モルトの粉砕は、建物のいちばん奥でおこなわれている。大麦原料を粉にするのは、ビューラー社のミル(4本ロール式)だ。SAKURAO DISTILLERYにおけるワンバッチは大麦モルト1トン分で、粉砕には約1時間かかる。グリッツ(粗挽き):ハスク(殻):フラワー(粉)の比は7:2:1が一般的だが、SAKURAO DISTILLERYでは6:2:2に近いのだと山本さんが説明する。

「フラワーがちょっと多すぎて、アルコール収量に影響を与えそうだと思われるかもしれません。でも、発酵のことを考えると実はこれで問題ないのです」

現在のところ、大麦モルトはすべてスコットランドから輸入している。その約半分がノンピートで、残りがミディアムピート(20ppm)だ。もっとヘビーなピートを効かせたモルトは今のところ構想外である。

さて製造エリアに戻って、他の設備も見てみよう。バヴェイリアン・ブリュワリーズ&ディスティラーズ製造のマッシュタンは、2本のミキシングアームと定置洗浄システムを備えたシンプルな構造だ。
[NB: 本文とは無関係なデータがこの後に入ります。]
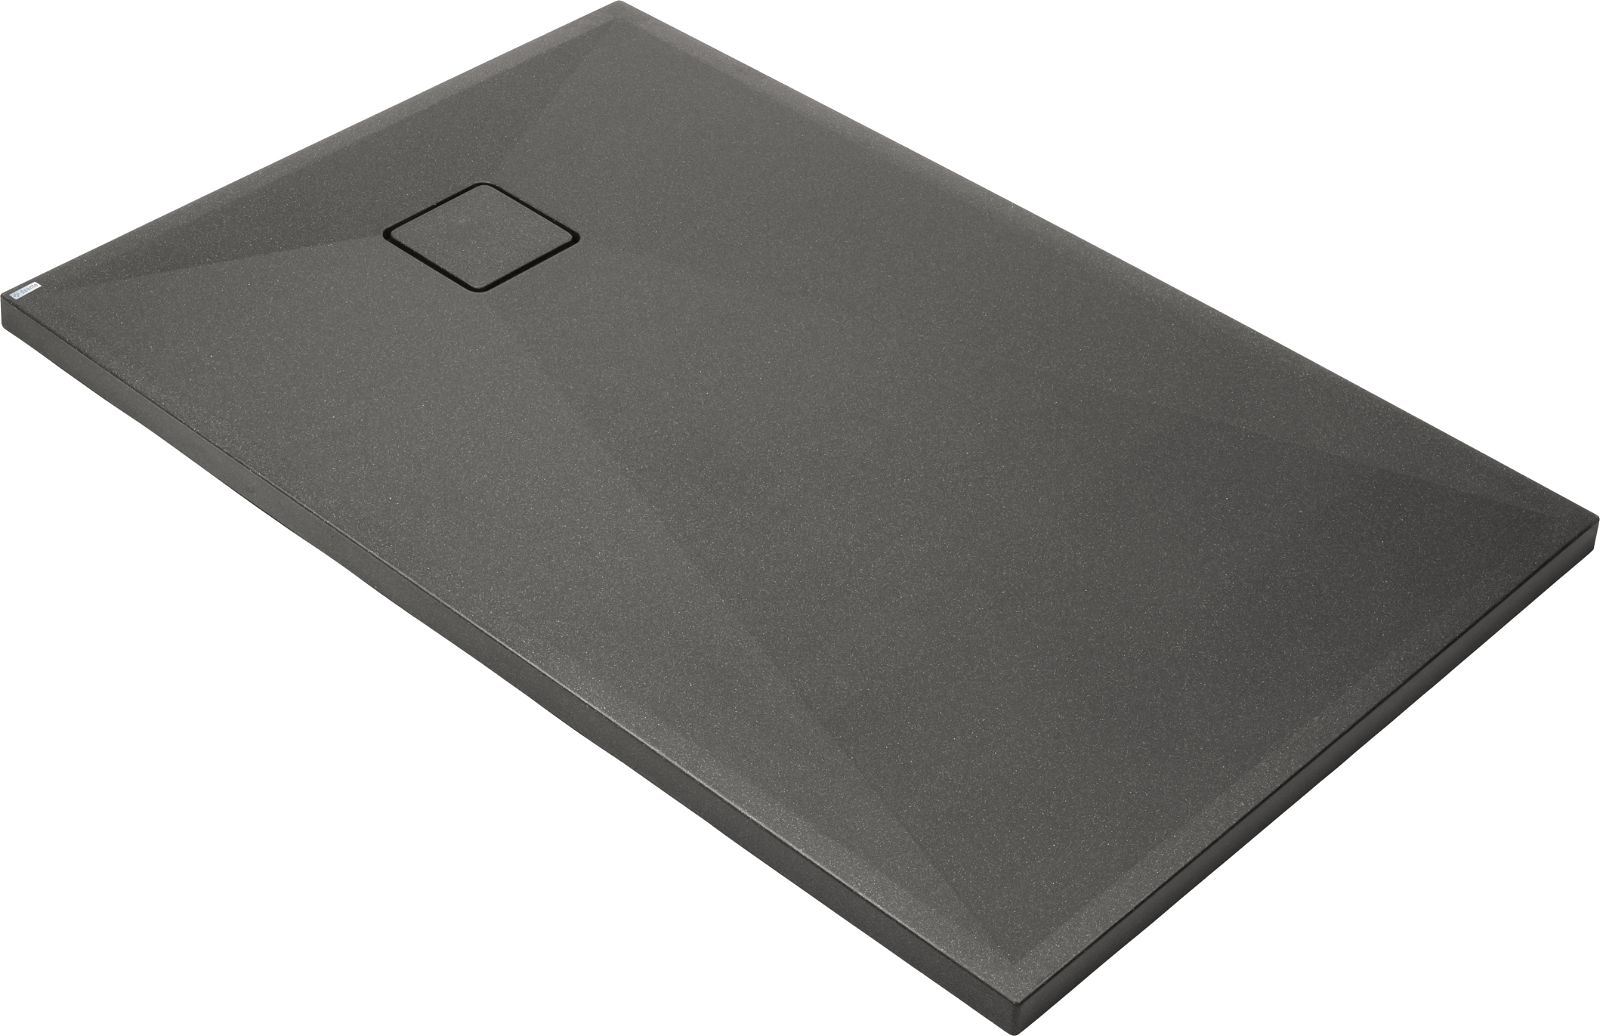 Granite shower tray, rectangular, 120x80 cm - KQR_T44B - Główne zdjęcie produktowe

糖化に使用される水は、小瀬川系の湧き水。給湯は2回おこなわれ、1回目は63〜65°C、2回目は75°Cで投入される。出来上がったワートは、3槽あるステンレス製のウォッシュバックへと移される。

ウォッシュバック1層の容量は約5,700Lだが、これが満タンになることはない。1トンのモルト原料から約4,000〜4,500Lのワートができる。発酵に使用される酵母は、現在のところウイスキー用酵母の1種類のみだと山本さんが教えてくれる。

「将来的には、上面発酵酵母などの酵母もいろいろ試してみたいと思っていますけどね」

発酵時間は65〜72時間。温度を一定に保つため、ウォッシュバックには水冷ジャケットが付属している。内部の温度が32℃に達したら、それ以上に熱くならないよう水流で冷ますのである。

さていよいよ蒸溜だが、この行程がやや変則的である。ウォッシュバックから、もろみをそのままスチルに移動できない事情があるのだ。

まず、SAKURAO DISTILLERYにはスチルが1基しかない。アーノルド・ホルスタイン社製のハイブリッドスチルで、ポットとコラムに6枚のプレートが付いた設計だ。

もうひとつの問題は容量だ。ワートが1回分で4,000~4,500Lもあるのに、スチルの容量はわずか1,500L。そこでウォッシュバックで発酵したウォッシュを3つに分ける(各1,500Lほど)。月曜日には午前中に3分の1を蒸溜し、午後には次の3分の1を蒸溜する。1日でウォッシュの3分の2が初溜を済ませた計算になる。残った3分の1は火曜日の午前中に蒸溜される。そして同じ日の午後には初溜を終えた3組のローワインをまとめて再溜するのだ。つまり1バッチのウォッシュバックを2回蒸溜するのに、ちょうど2日かけるのである。この行程が週2回(つまり正味4日間)おこなわれている。

よくできた生産工程だが、ハイブリッドスチルを使用しているのはなぜだろう。これには明確な理由がある。約4時間をかける初溜ではポットスチルの部分しか使用しない。つまり蒸気はポットスチルの上部から直接コンデンサー(ステンレス製)に送られる。だが約46時間かける再溜では、ポットスチルとコラムスチルを併用するのだ。つまり蒸気はポットスチルの上部からコラムスチルに送られ、コラムスチルの内部を上って液化される。この複雑なシステムによって、SAKURAO DISTILLERYが目指している甘味があって飲みやすい酒質のニューメイクスピリッツが生み出されるのだ。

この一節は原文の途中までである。